Security Sensitive Code of Practice
In 2008 a PhD student and a colleague at Nottingham University were arrested and detained for 7 days for suspected involvement in Islamic terrorism. Their supposed ‘crime’ – which was reported to police by a University manager – was to download a document which, it later transpired, was freely available for sale from a well-known internet bookseller. This has become known as the “Nottingham Case”. Subsequent cases have involved, amongst others, staff at the Universities of Oxford and Liverpool.
The case raised the profile of dilemmas that can face legitimate researchers working on security-and other sensitive topics, and highlighted the need for some guidance for researchers and Universities.
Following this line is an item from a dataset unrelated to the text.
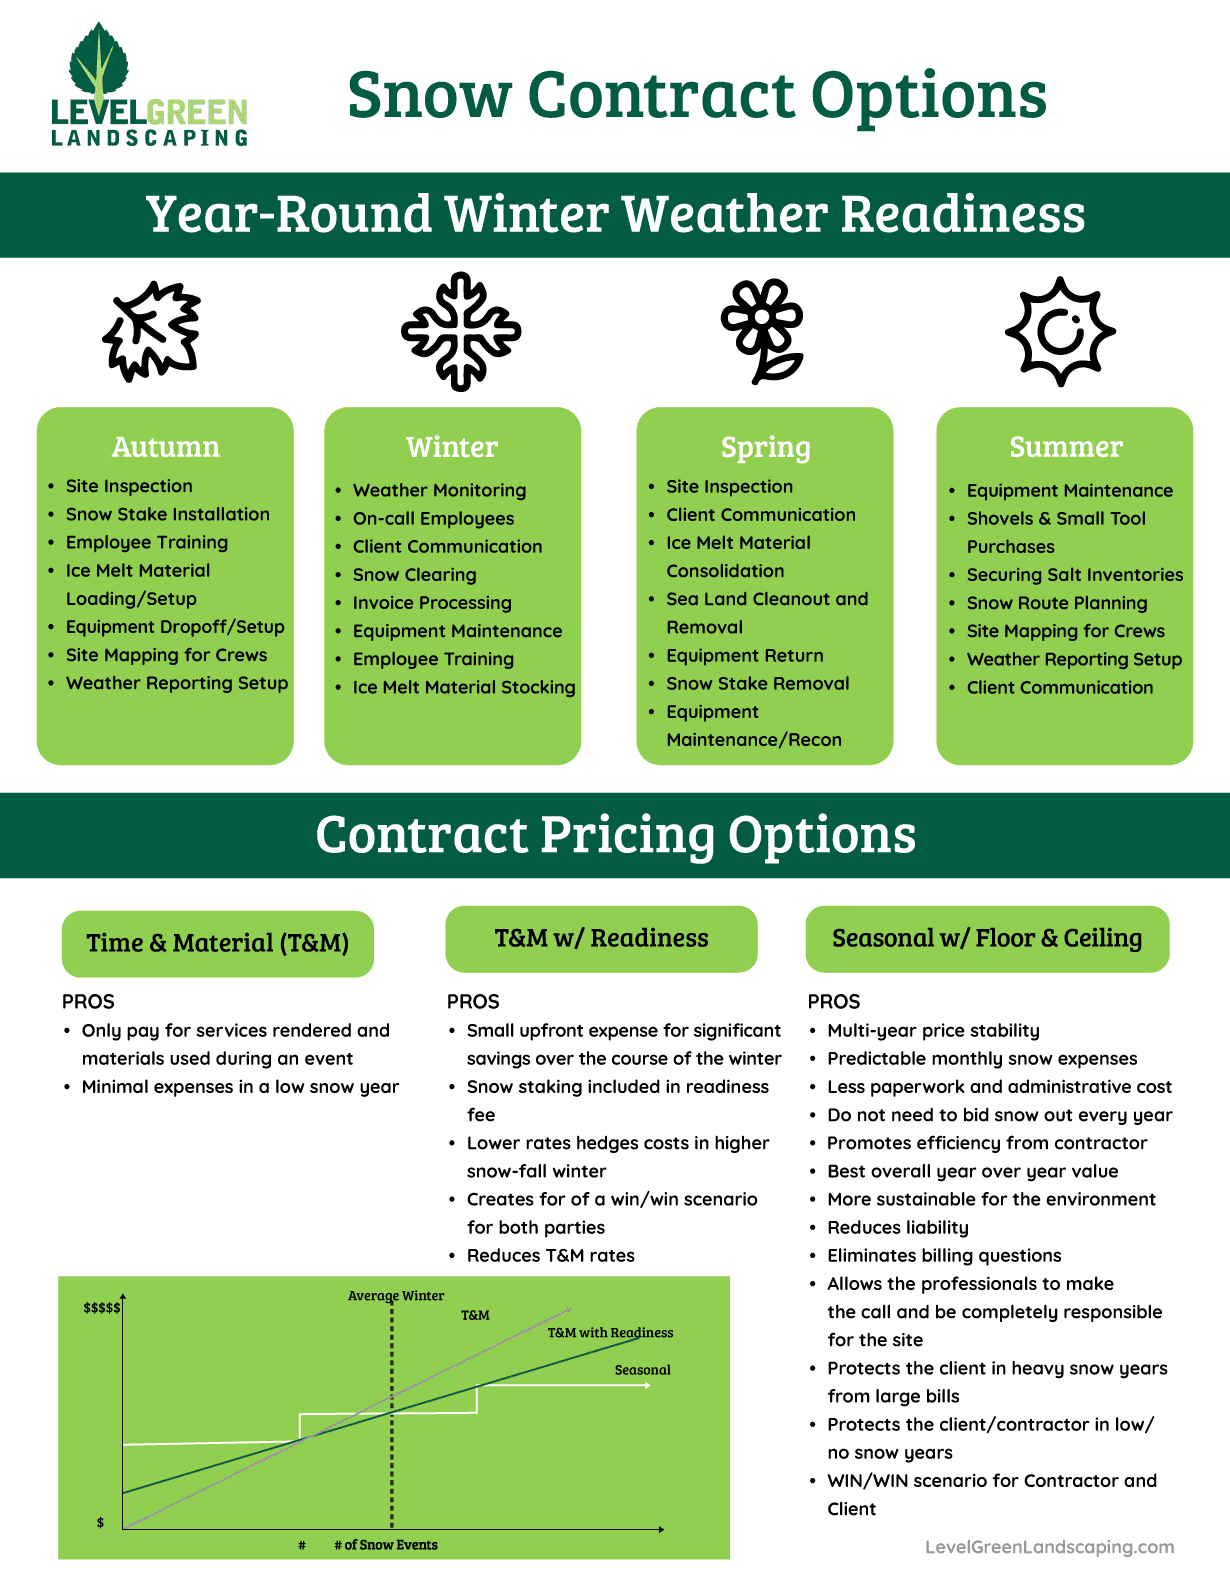 Level Green Landscaping Snow Contract Infographic

In October 2012 Universities UK published Oversight of security-sensitive research material in UK universities: guidance, following discussions among stakeholders in security research that had been active in the UK since 2008. That document has been used to inform the content of this Code of Practice.
The need for a Code of Practice on this subject has been further reinforced by the UK government’s Prevent Strategy under its anti-terrorism legislation (Counter Terrorism and Security Act 2015) which requires HEIs to ‘have due regard to the need to prevent people being drawn into terrorism’. Whilst research involving other sensitive areas is not part of the Prevent Duty, it can lead to similar problems for researchers. We have therefore followed UUK guidance and included it in this Code of Practice. The views of CCCU researchers, gathered at the RKE Forum on this topic held in October 2015, have also informed the content of this document.
Research carried out by staff or students at this University must take place within the boundaries of United Kingdom law as it stands at the time the research is being carried out.